Work Package 2 – Reduction of complexity:

The reduction of complexity is inherent to the applications in computational chemistry and physics because of the brute-force simulation of the most accurate models, based either on the N-body Schrödinger equation or a full DFT description of the electronic structure, is currently and for a long time beyond the reach of current computing means. Numerous approaches have been proposed with varying degrees of rigor and success.

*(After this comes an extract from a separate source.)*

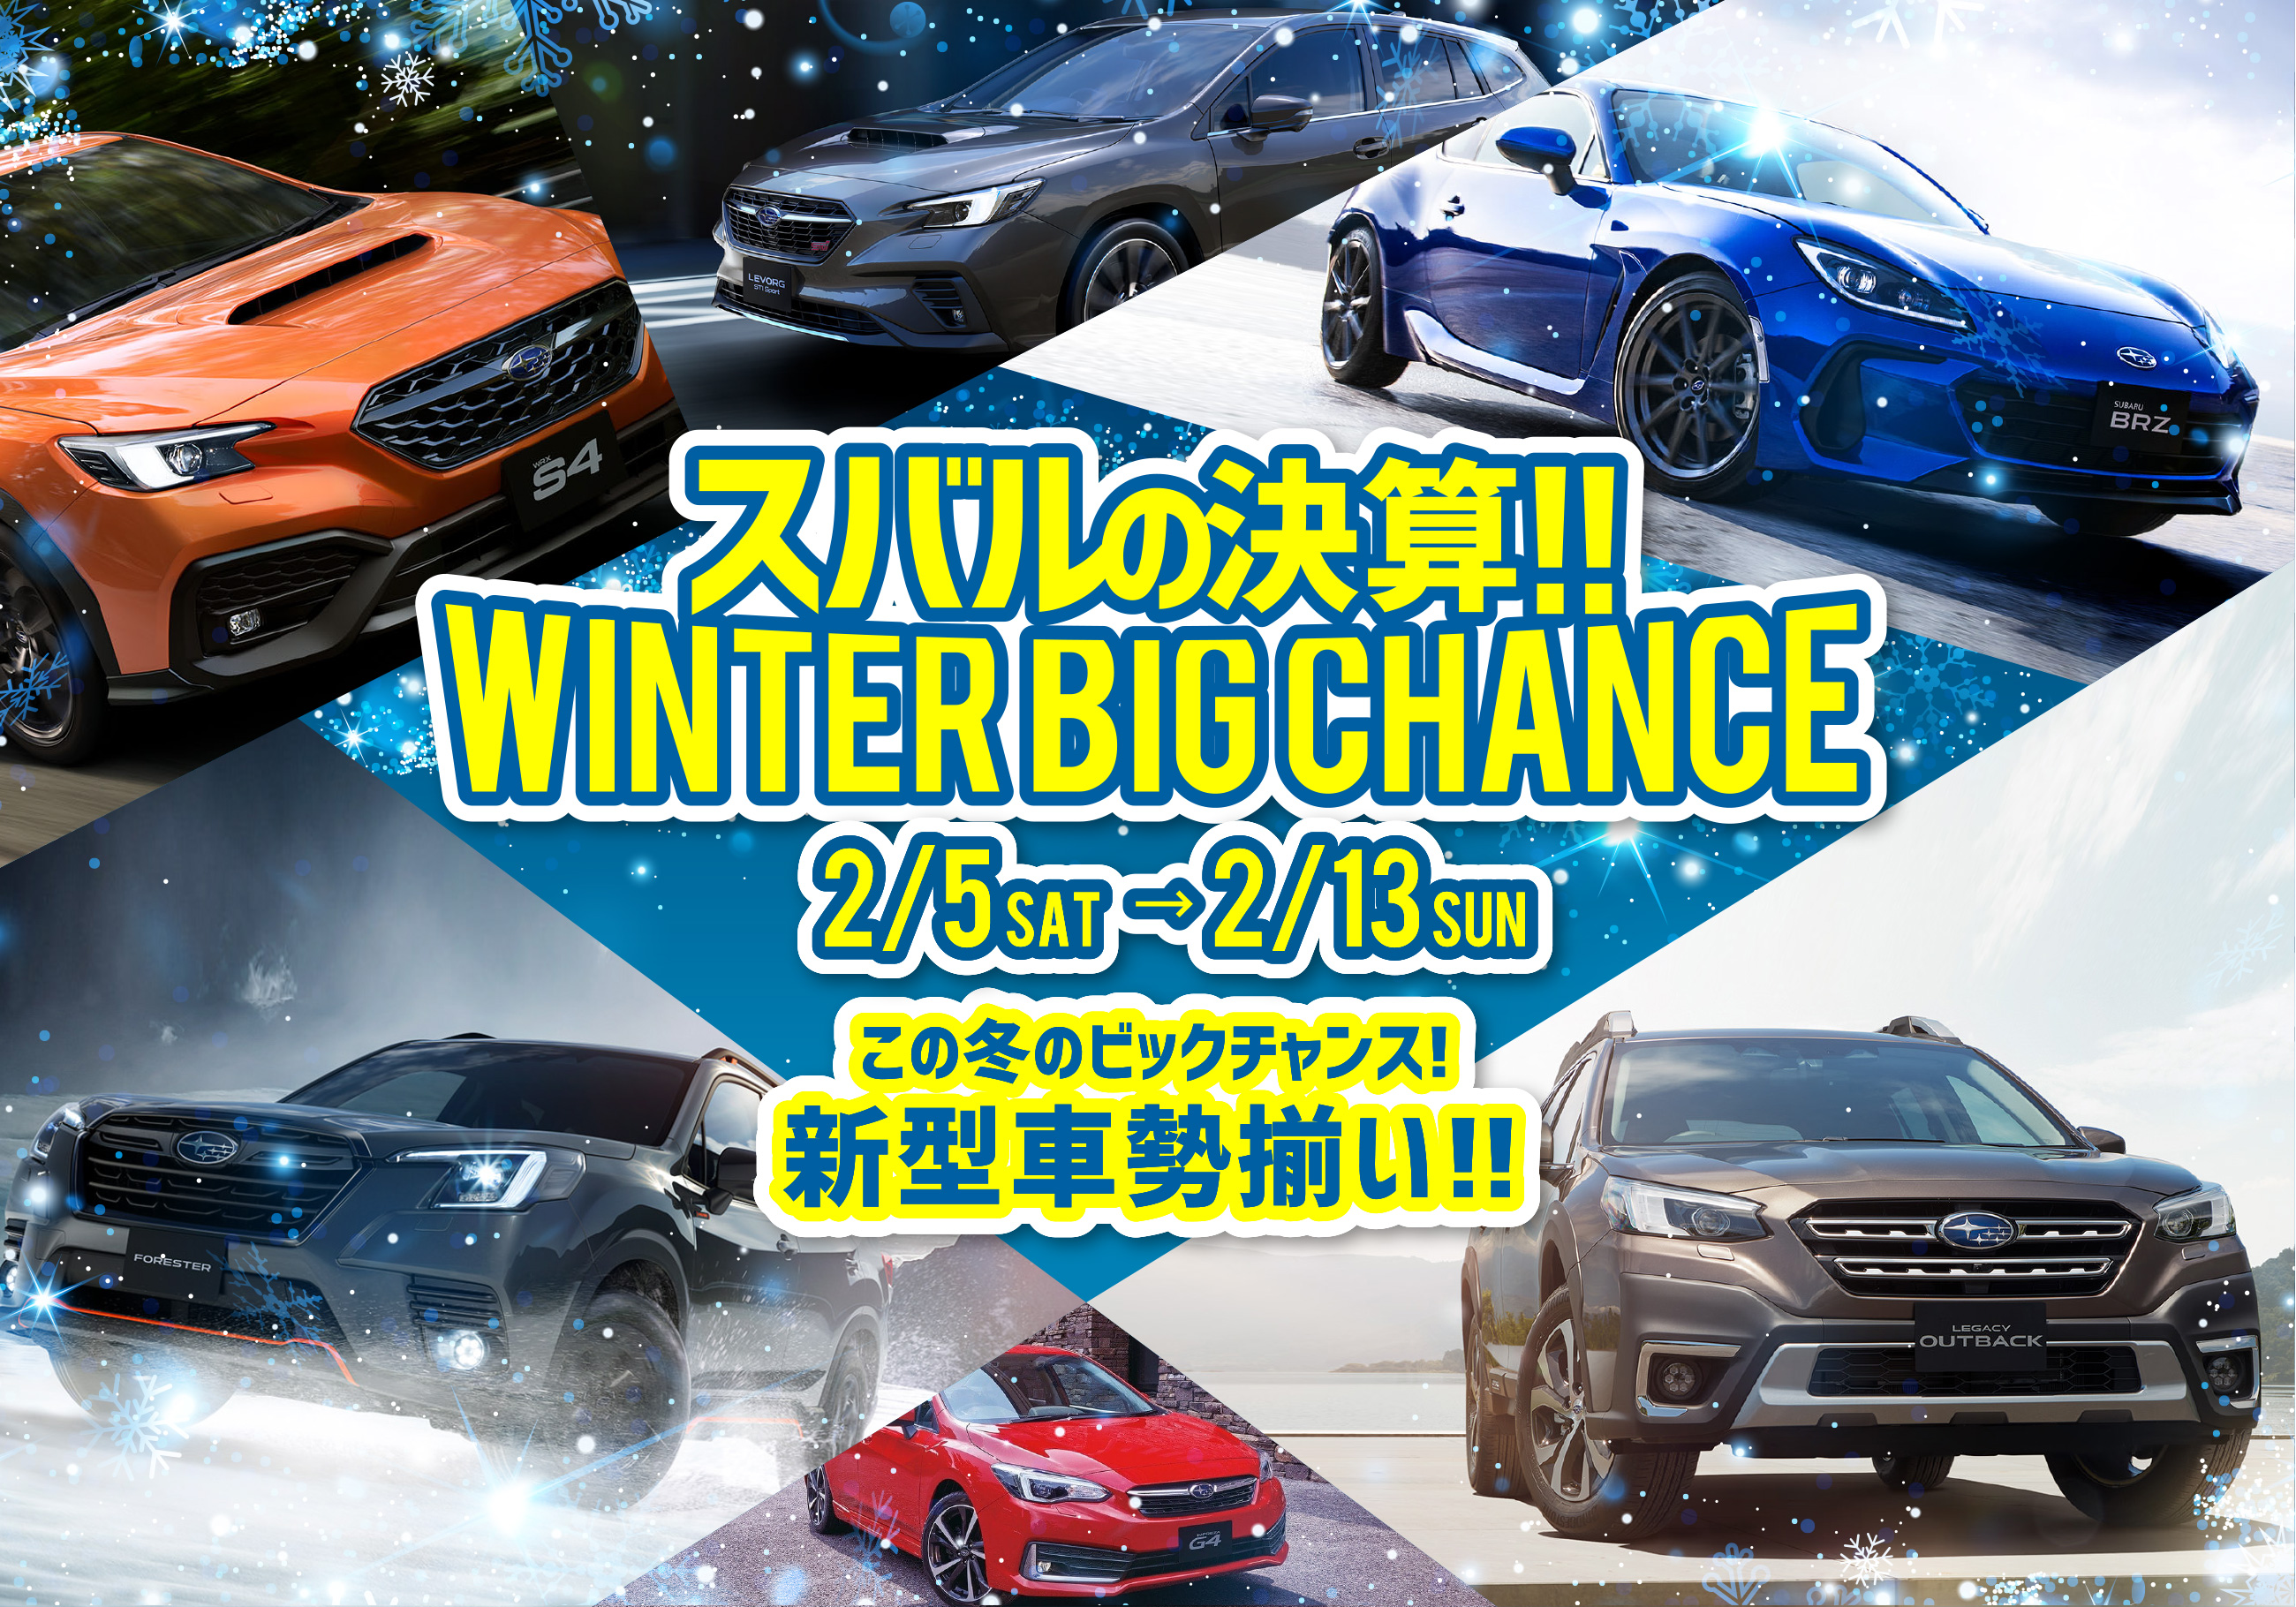 スバルの決算!!WINTER BIG CHANCE 2.5(SAT)→2.13(SUN)この冬のビッグチャンス！新型車勢揃い!!

The main objective of this Work Package is to i) mathematically assess the quality and range of applicability of various existing or new scale models and to specify the framework of application, ii) ensuring the relevance to large-scale systems in chemistry and physics and iii) the potential to use the supercomputing resources as proposed in the project.

The basis for the reduction generally follows physical and chemical intuition and uses for example the fact that:

  • the phenomena of interest are often in a vert specific energy range;
  • the full quantum description of the ab initio contribution is often required only in a localized region of low volume space giving rise to QM/MM approaches or implicit polarizable solvent models
  • reactivity does not need to be taken into account and thus the dynamic behaviour can be modelled using classical empirical potentials.

Finally, very simplified models can be used to parameterize Monte Carlo kinetic models allowing a rough description of the long-term dynamics. A recent use of statistical learning or machine learning integrating large datasets is also proposed for which the right representation of the modeled objects must be chosen with care and using the synergetic expertise of the team involved in this project.